[Collection entries]

########################################

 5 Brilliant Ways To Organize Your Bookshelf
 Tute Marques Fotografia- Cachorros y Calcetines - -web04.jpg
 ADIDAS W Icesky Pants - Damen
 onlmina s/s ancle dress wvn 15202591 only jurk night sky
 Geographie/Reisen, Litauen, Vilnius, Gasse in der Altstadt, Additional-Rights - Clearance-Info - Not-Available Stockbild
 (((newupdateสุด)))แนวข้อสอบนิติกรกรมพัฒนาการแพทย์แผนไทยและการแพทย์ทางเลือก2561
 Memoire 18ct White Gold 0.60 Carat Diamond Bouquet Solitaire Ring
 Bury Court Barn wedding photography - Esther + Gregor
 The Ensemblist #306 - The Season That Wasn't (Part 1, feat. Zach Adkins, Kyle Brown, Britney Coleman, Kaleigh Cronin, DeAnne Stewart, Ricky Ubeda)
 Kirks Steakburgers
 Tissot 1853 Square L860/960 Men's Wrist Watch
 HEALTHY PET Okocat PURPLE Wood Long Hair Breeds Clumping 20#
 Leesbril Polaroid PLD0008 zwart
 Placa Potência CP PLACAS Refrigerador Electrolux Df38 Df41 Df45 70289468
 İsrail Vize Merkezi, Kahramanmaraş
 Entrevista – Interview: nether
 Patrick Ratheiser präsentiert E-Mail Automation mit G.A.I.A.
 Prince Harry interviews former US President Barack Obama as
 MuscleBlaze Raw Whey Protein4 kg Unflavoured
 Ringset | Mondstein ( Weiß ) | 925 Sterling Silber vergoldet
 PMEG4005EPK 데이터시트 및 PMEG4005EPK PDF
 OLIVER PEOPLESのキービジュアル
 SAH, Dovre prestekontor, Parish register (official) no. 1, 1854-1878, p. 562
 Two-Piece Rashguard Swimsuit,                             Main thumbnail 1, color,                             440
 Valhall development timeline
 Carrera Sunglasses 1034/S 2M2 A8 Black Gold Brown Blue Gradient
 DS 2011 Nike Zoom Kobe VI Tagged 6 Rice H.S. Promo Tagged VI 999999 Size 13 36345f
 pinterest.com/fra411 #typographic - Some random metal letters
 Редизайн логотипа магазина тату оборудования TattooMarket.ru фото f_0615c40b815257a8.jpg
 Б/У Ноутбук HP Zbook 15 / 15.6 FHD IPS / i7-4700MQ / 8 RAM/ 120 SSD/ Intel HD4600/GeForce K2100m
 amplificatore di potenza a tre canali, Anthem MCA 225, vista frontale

########################################

### What is expected
Quote every line from the beginning of the entries up to and including the line that contains "Memoire 18ct White".

### Response below
 5 Brilliant Ways To Organize Your Bookshelf
 Tute Marques Fotografia- Cachorros y Calcetines - -web04.jpg
 ADIDAS W Icesky Pants - Damen
 onlmina s/s ancle dress wvn 15202591 only jurk night sky
 Geographie/Reisen, Litauen, Vilnius, Gasse in der Altstadt, Additional-Rights - Clearance-Info - Not-Available Stockbild
 (((newupdateสุด)))แนวข้อสอบนิติกรกรมพัฒนาการแพทย์แผนไทยและการแพทย์ทางเลือก2561
 Memoire 18ct White Gold 0.60 Carat Diamond Bouquet Solitaire Ring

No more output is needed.